CHANGES: Ratepayers will have clear information about how councils are spending developer infrastructure charges.
CHANGES: Ratepayers will have clear information about how councils are spending developer infrastructure charges. Bev Lacey

How you can find out where development fees are being spent

LOCKYER Valley Regional Council has welcomed a push for greater funding transparency.

Ratepayers will have clear information about how councils are spending developer infrastructure charges, with amendments proposed for the state planning system.

From next year, councils will be required to publish online the value of infrastructure charges they receive, and how and where these funds are spent.

This will include publishing information such as infrastructure charges notices and documents used in the review, making or amendment of a local government infrastructure plan.

Mayor Tanya Milligan said the council was prepared for the new push to increase spending transparency.

"Lockyer Valley Regional Council are committed to maintaining a high level of transparency and welcome the State Government's requirement for the publication of infrastructure charges and where the money is being spent,” Cr Milligan said.

"Council have a dedicated external Audit and Risk Management Committee in place to consistently monitor and review the integrity of council and make recommendations on improvements.

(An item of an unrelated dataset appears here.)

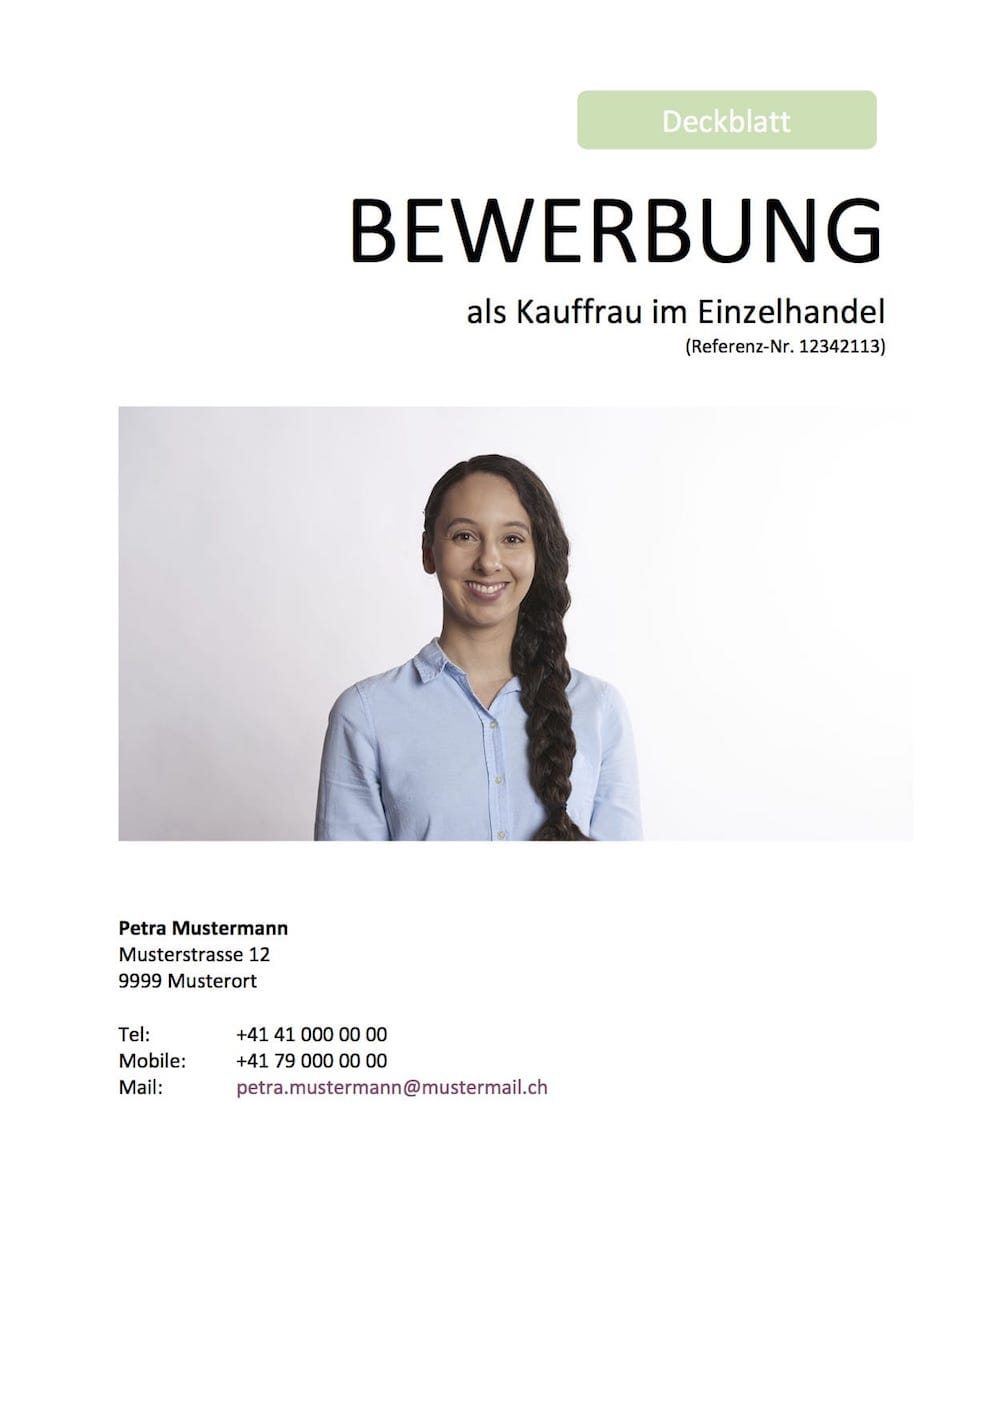 deckblatt titelblatt bewerbung vorlage - Bewerbung Deckblatt Erstellen
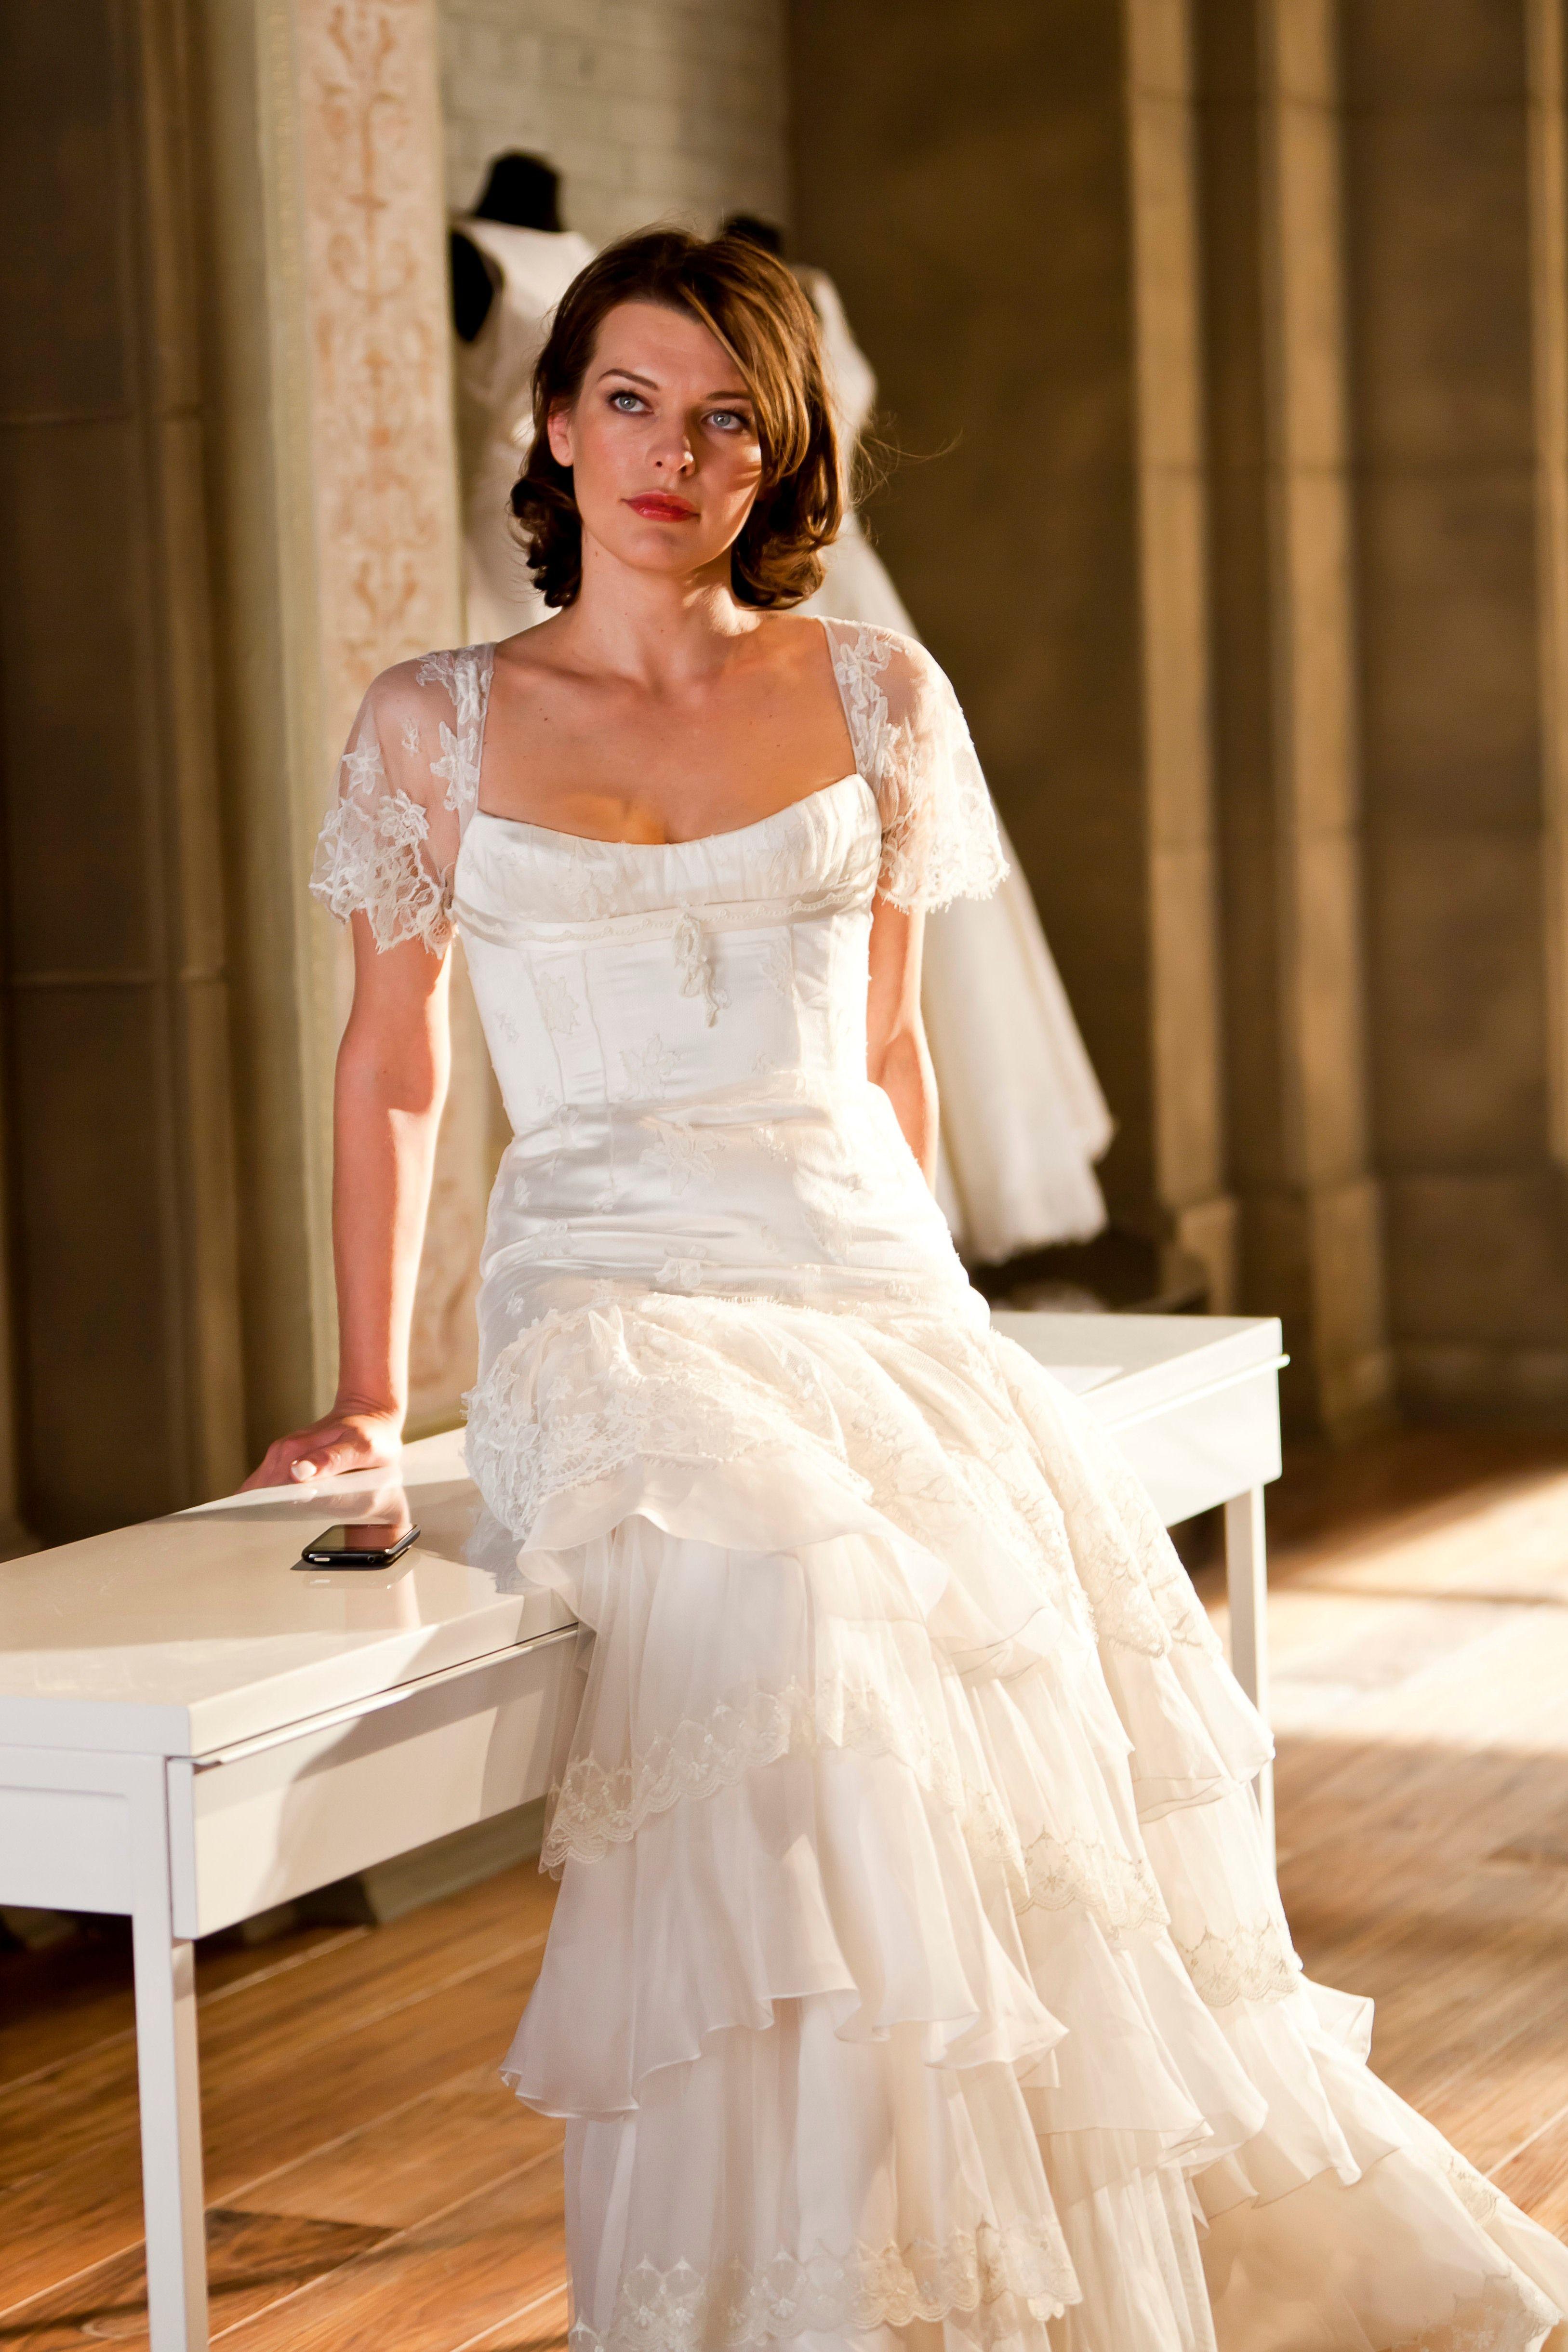 Ххх в свадебном платье 20 фотография

She said the council was striving to "operate on the front foot”.

"We are committed to ensuring infrastructure charges collected are sensibly allocated to invest in additional infrastructure to serve existing and future residents,” she said

"Transparent and effective decision making processes remain at the forefront of our concern and Council's Planning and Development department will ensure the infrastructure charges register will be available from January 1, 2020.”

State Minister for Planning Cameron Dick said the change were about providing the public with information.

"The amendments will create a better understanding of how development activity benefits the broader community, through improved infrastructure and services such as stormwater, transport, public parks and land for community facilities,” Mr Dick said.

"Developers pay significant amounts to local governments to build and upgrade infrastructure to support their development, so it's important the community knows where councils are spending these funds.”

Local Government Minister Stirling Hinchliffe said the proposed changes would align with, and build on, potential amendments to the Local Government Act for transparency and accountability.

Encouragingly, some local governments are already publishing this information.

Property Council of Australia's Queensland Executive Director Chris Mountford said the lack of transparency around the collection and spending of infrastructure charges has contributed to community concerns that development occurs without the necessary local infrastructure upgrades.

"What is often not understood is that all new developments are required to make a significant contribution to the cost of upgrading local government infrastructure as part of their approval,” Mr Mountford said.

"Until now, it has been difficult for the community to see the expected correlation between growth and development, and the associated infrastructure that should be delivered by council.”

Local governments will be working between now and January 2020 to put the necessary reporting systems in place and ensure this important information is up to date and accurate.

The proposed amendments have been subject to extensive consultation with local governments and key industry stakeholders, including the Local Government Association of Queensland, Property Council Australia and the Urban Development Institute of Australia.